To do:
All of the data that follows is to be written out exactly, with images excluded.

Dataset content:

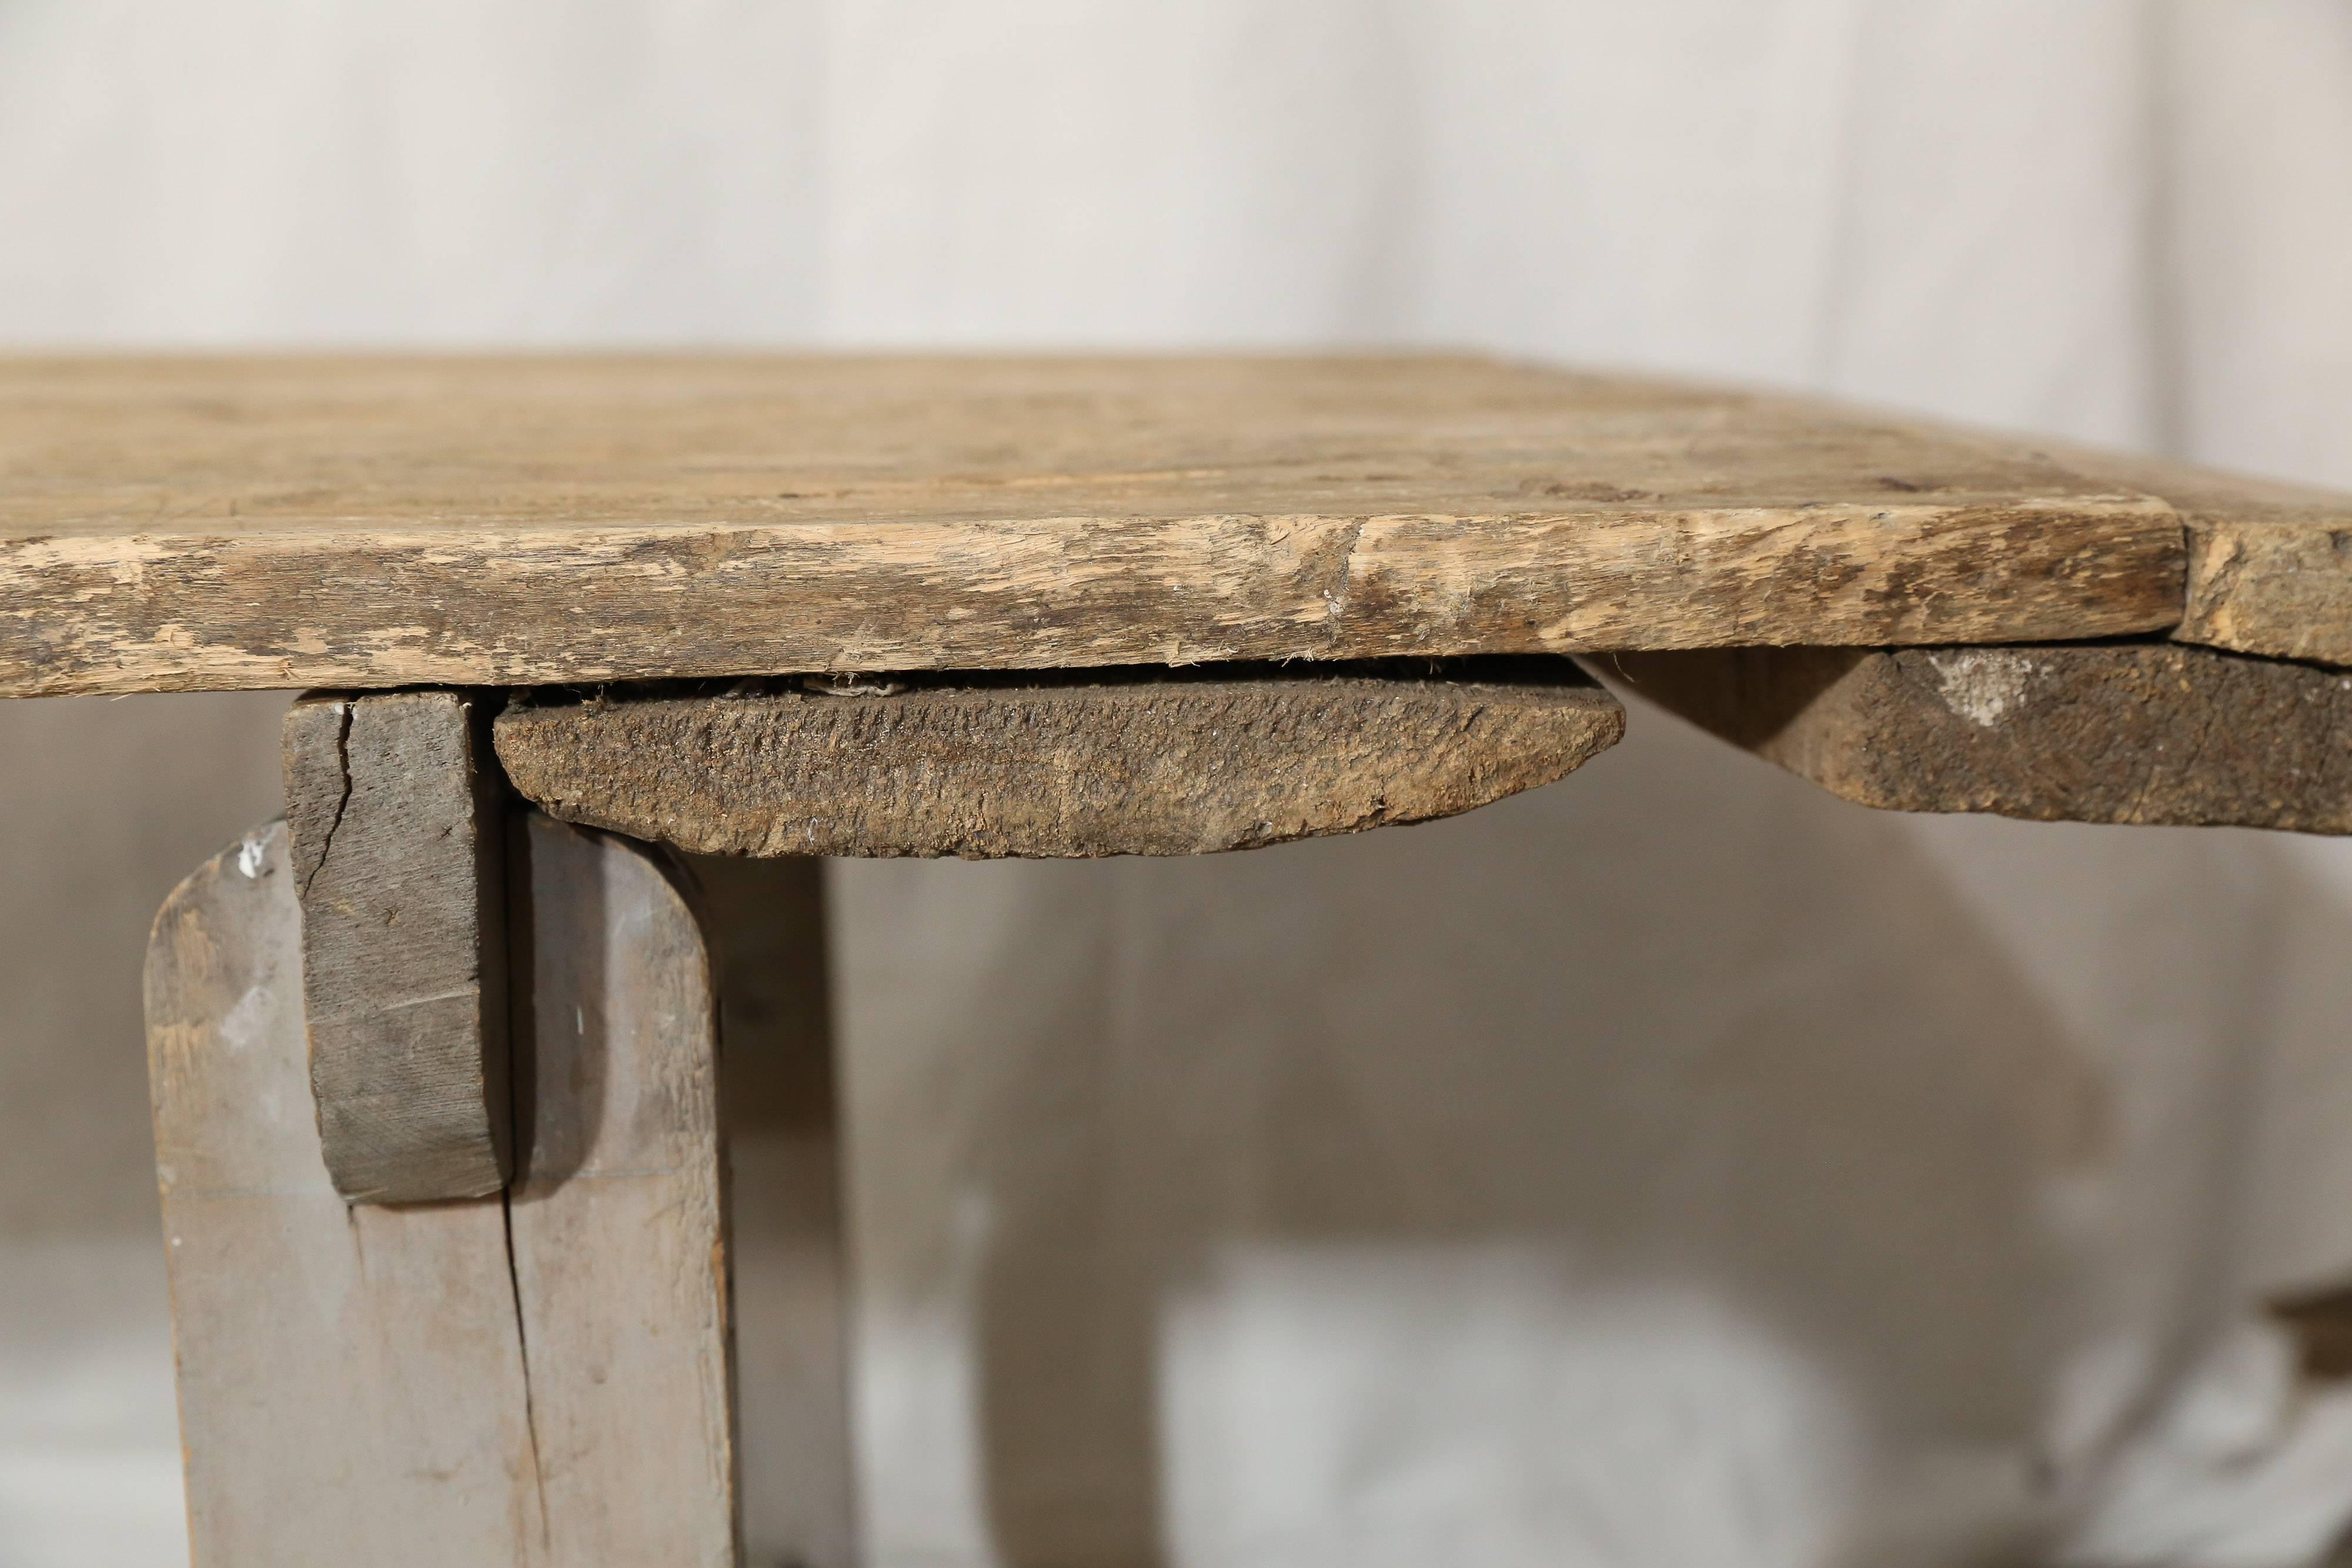 Rustic wood table with sawhorse legs. The wood varies in color and texture. Found in Provence.
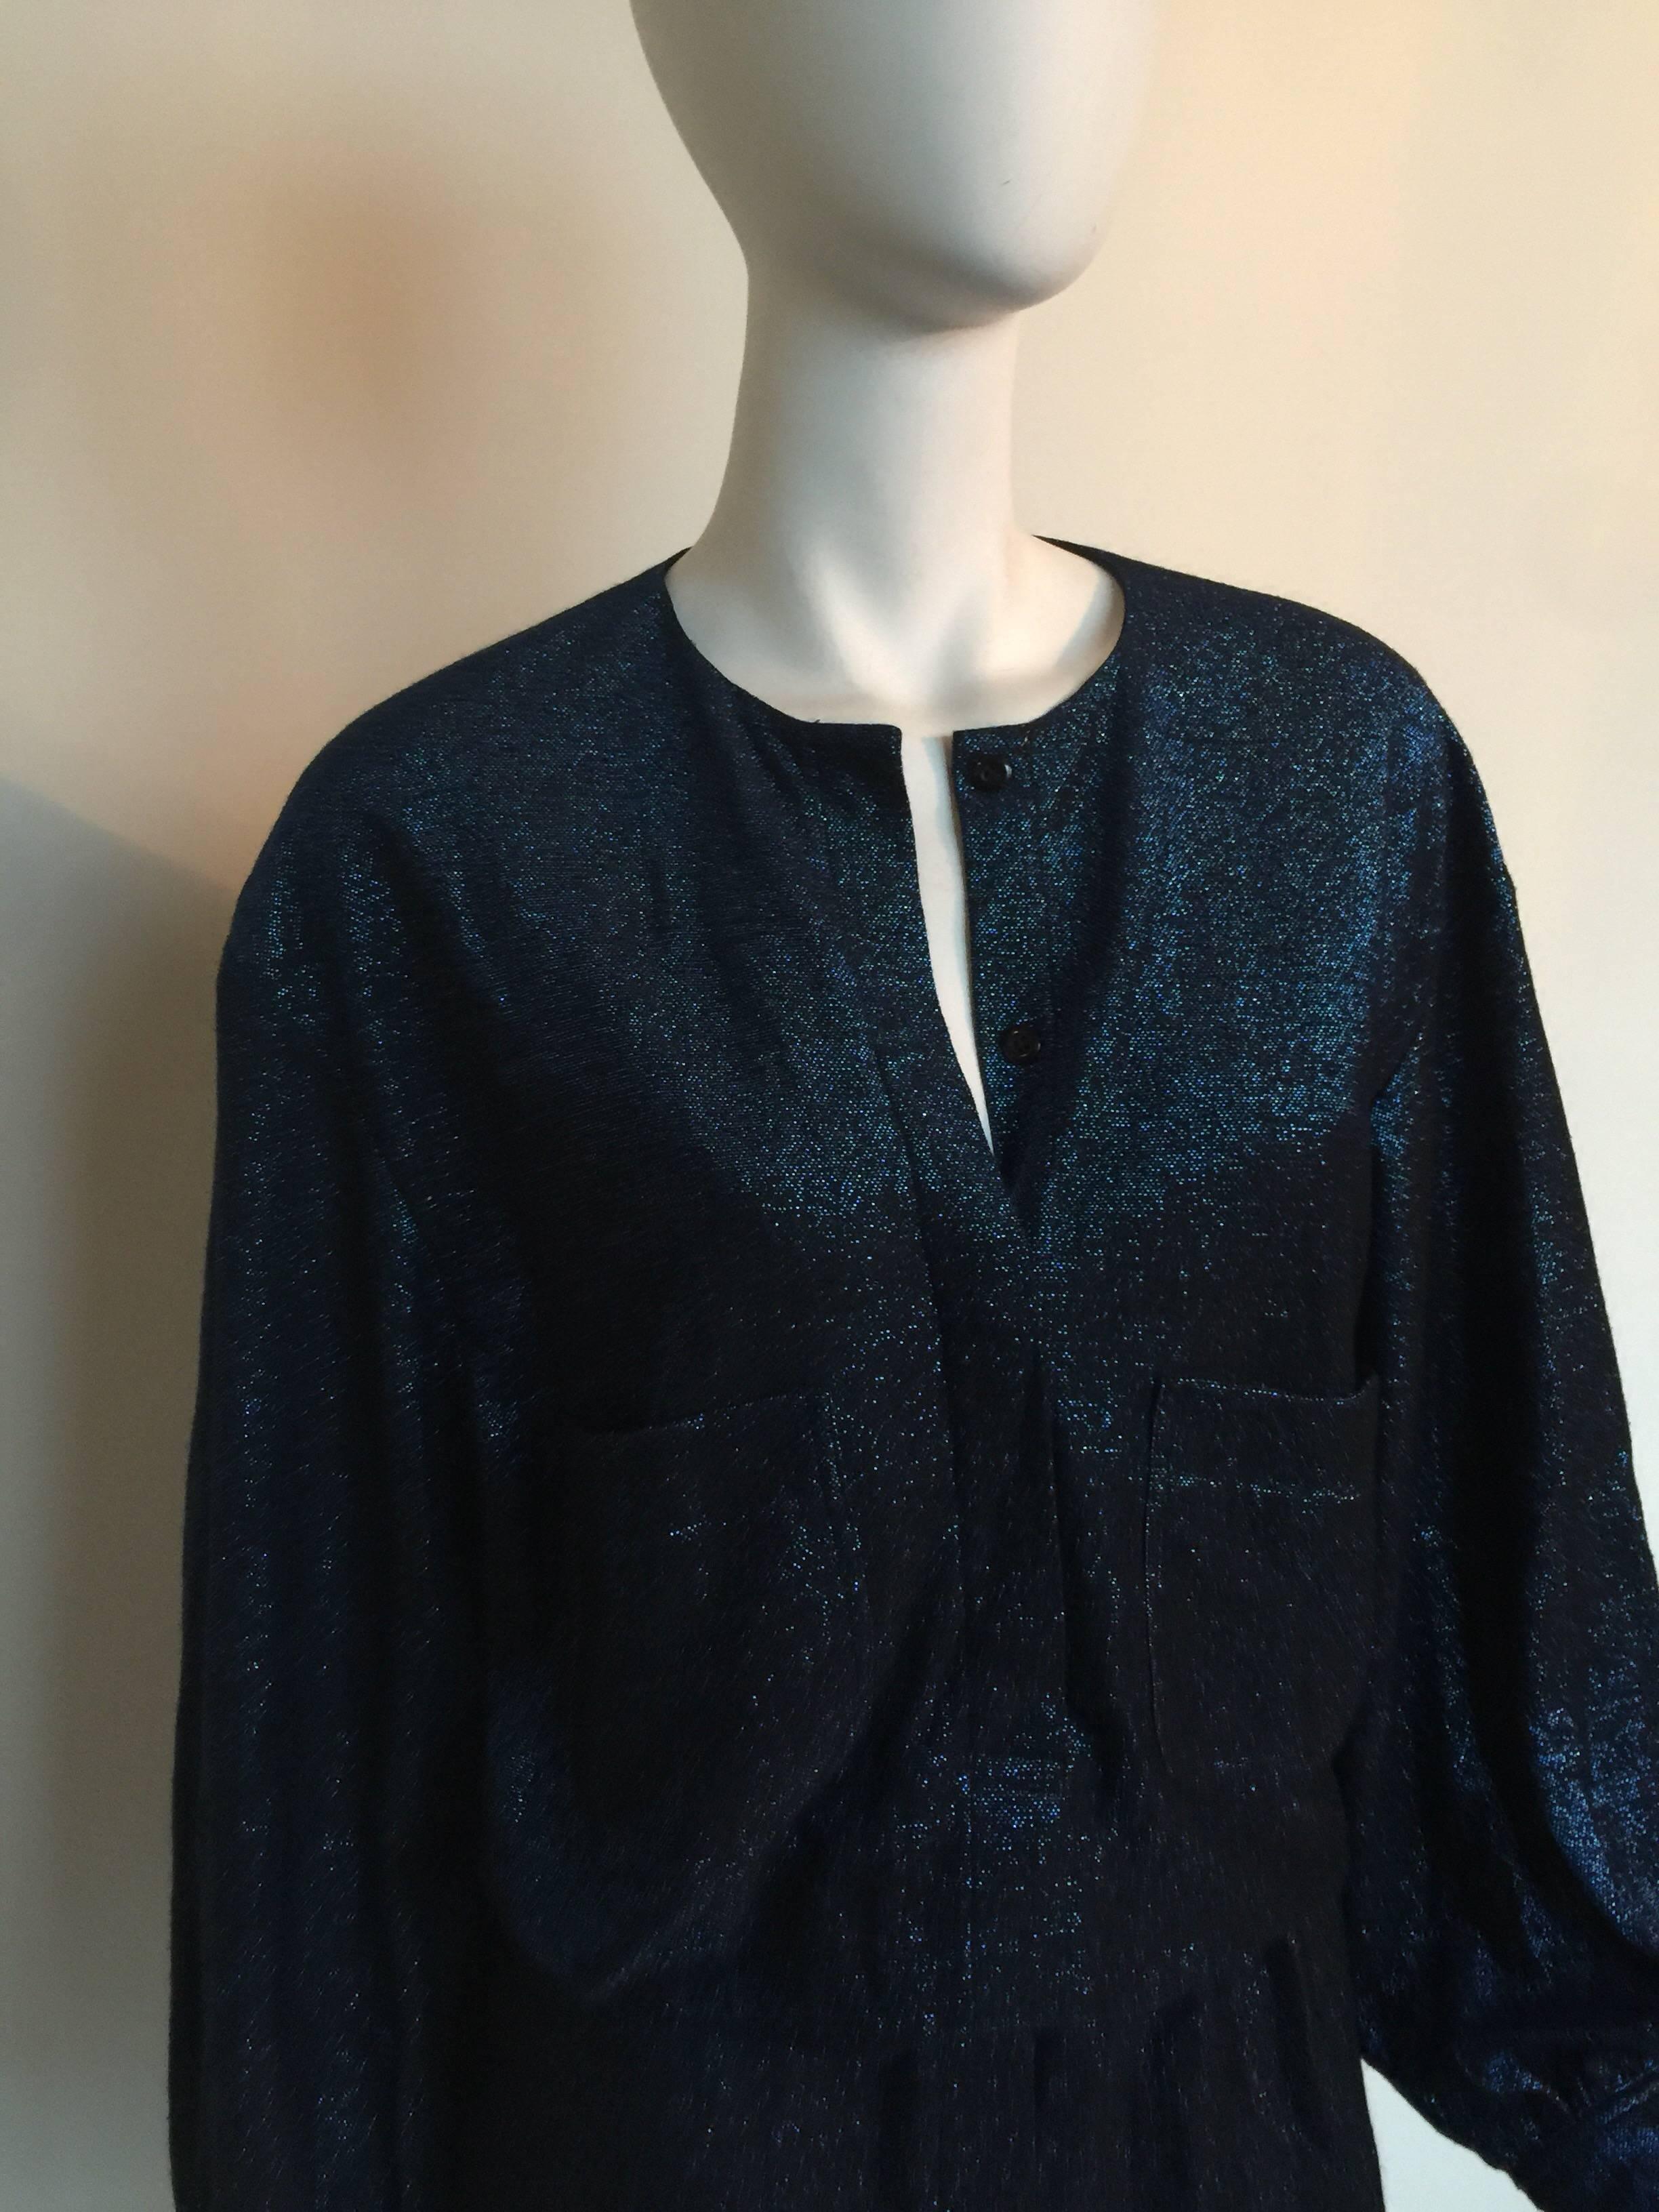 Giorgio di Sant'Angelo midnight blue sparkle dress is from the 1970s.  This metallic knit sweater dress has a drop elastic waist and two front pockets.  It fits a size L but could easily be tailored.  It is pinned in the first photo on the mannequin
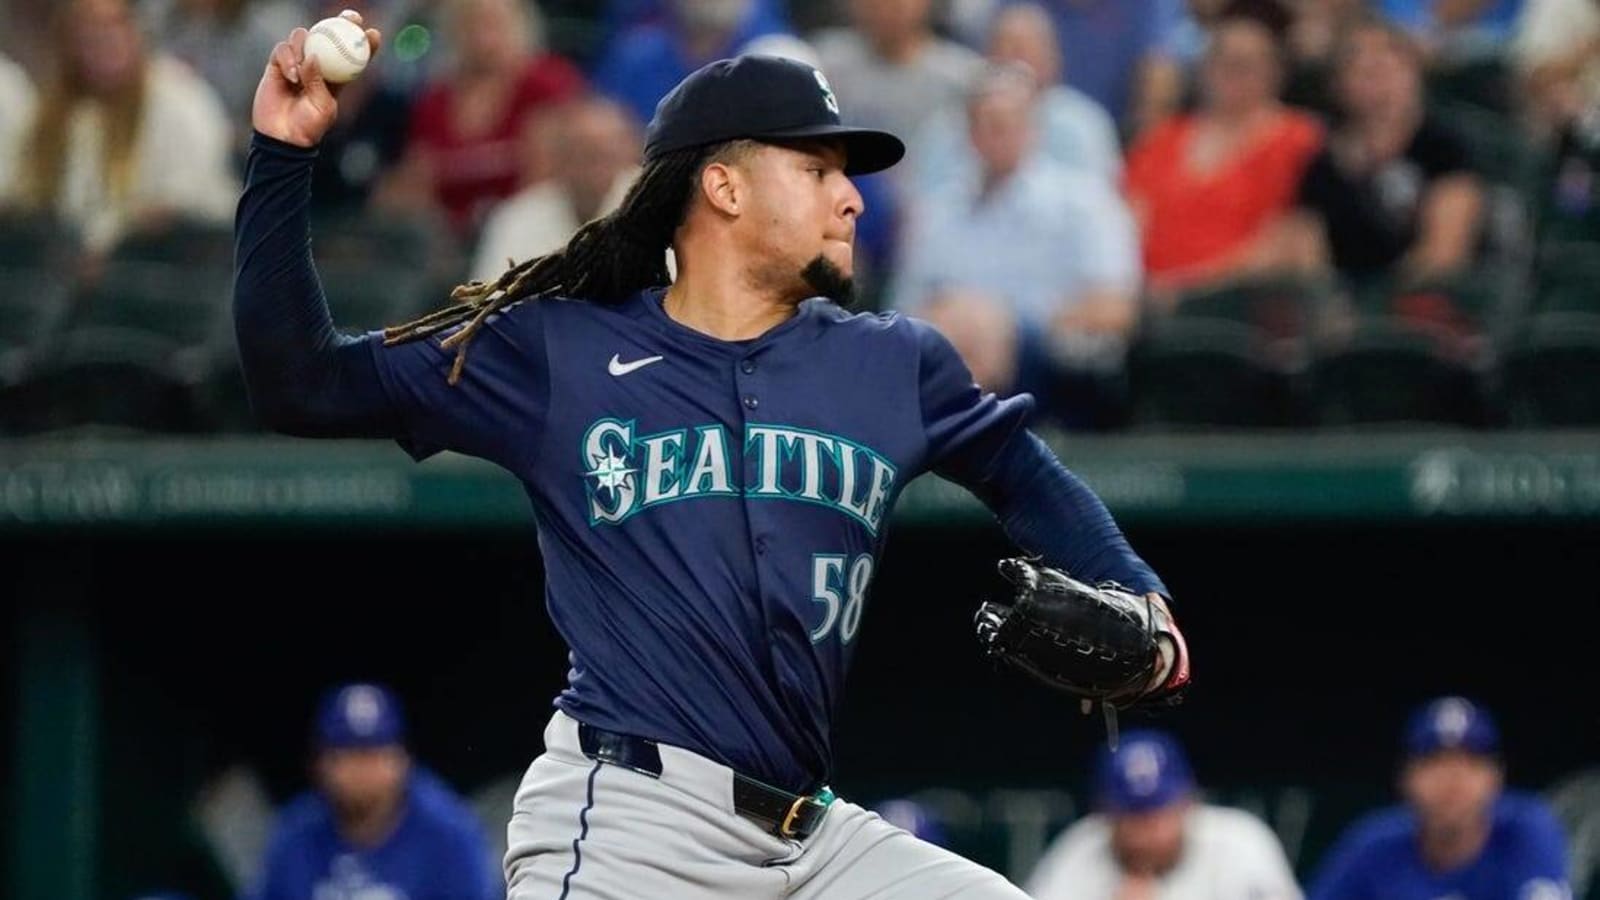 Mariners fend off Rangers to grab first place in AL West

Answer section:
 Rustic wood table with sawhorse legs. The wood varies in color and texture. Found in Provence.
 Giorgio di Sant'Angelo midnight blue sparkle dress is from the 1970s.  This metallic knit sweater dress has a drop elastic waist and two front pockets.  It fits a size L but could easily be tailored.  It is pinned in the first photo on the mannequin
 Mariners fend off Rangers to grab first place in AL West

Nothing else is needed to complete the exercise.